Rural Kansas certainly is worth preserving, but creative solutions may be required.

Kansas isn’t ready to give up on its small towns, but the Rural Life Task Force recently appointed by Gov. Kathleen Sebelius has its work cut out for it.

At the task force’s first meeting Tuesday, the governor said her charge to the group was “to help us figure out the best way to make sure that 20 years from now, we have thriving communities.”

To understand just how great a challenge that is, one need only look back at the last 20 years of data from the U.S. Census. From 1980 to 2000, two-thirds of the counties in Kansas lost population. Thirteen of those counties, all in western or north-central Kansas, saw population declines of 20 percent or more. During the same period, eight counties grew by 20 percent or more. Four of the growing counties are around Wichita or in the Topeka/Kansas City corridor; three others are western counties clustered around smaller population centers such as Dodge City, Garden City and Liberal.
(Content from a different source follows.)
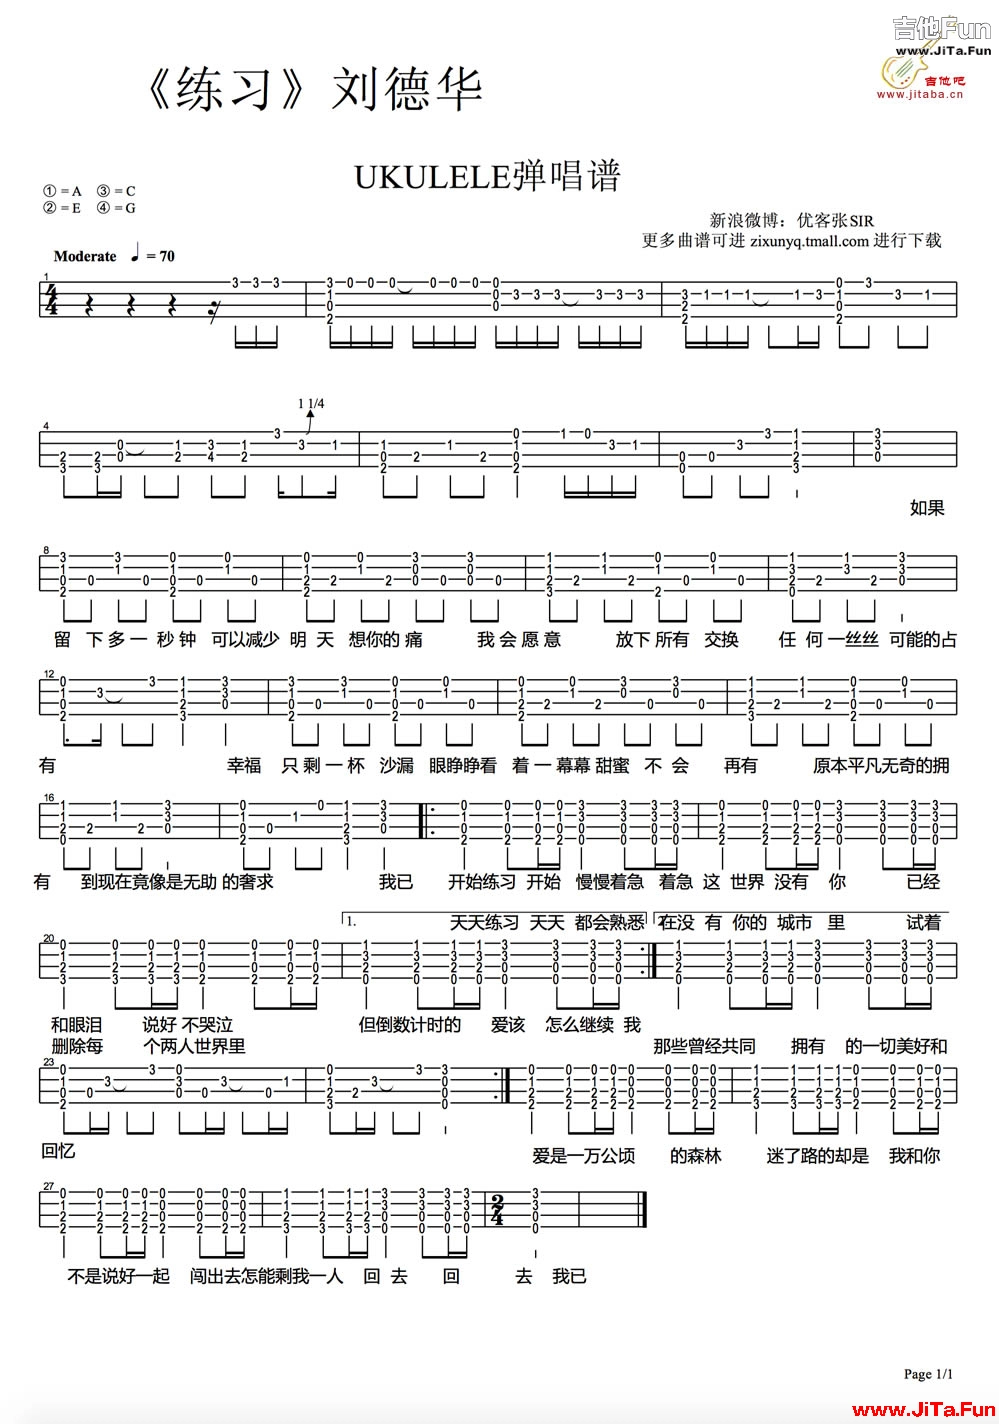 劉德華《練習》ukulele烏克麗麗譜

Johnson County’s population grew a whopping 67 percent during that time. The state’s five largest counties: Johnson, Sedgwick, Shawnee, Wyandotte and Douglas account for 49 percent of the state’s total population.

What has caused this urban migration in Kansas? One of the primary factors has to be the availability of jobs. The Kansas farm economy that once fueled small towns has shifted dramatically. Not only are farm revenues down sharply, but because of technological advances, it takes far fewer Kansas to run the remaining farms.

Garden City is an interesting anomaly in the census statistics. Finney County exceeded even Johnson County in population growth between 1980 and 2000, with an increase of 70 percent. That increase has been driven by an influx of labor, including a large number of Asian and Hispanic workers, to work in the Garden City meat-packing industry.

The Finney County experience seems to confirm that jobs will draw people to a Kansas community, but the creation of low-paying jobs probably isn’t the answer for every community. Can better roads or the expansion of broadband Internet services to rural communities pave the way for the kind of job expansion that will turn population declines around?

That’s one thing the task force will be studying, but there are other important issues. Increasing the population and tax base in rural communities could save local schools and services that are so important to a family’s quality of life. In many small towns, the percentage of older, retired residents is increasing, but some towns are losing even those longtime residents because health care services no longer are easily available.

It’s a difficult puzzle that will require some creative thinking by task force members. Some rural communities may have passed the point of no return, but many others are surely worth preserving. Small towns and the people who grew up there have played a huge role in what Kansas is today. It would be great to preserve the state’s rural culture for the future as well.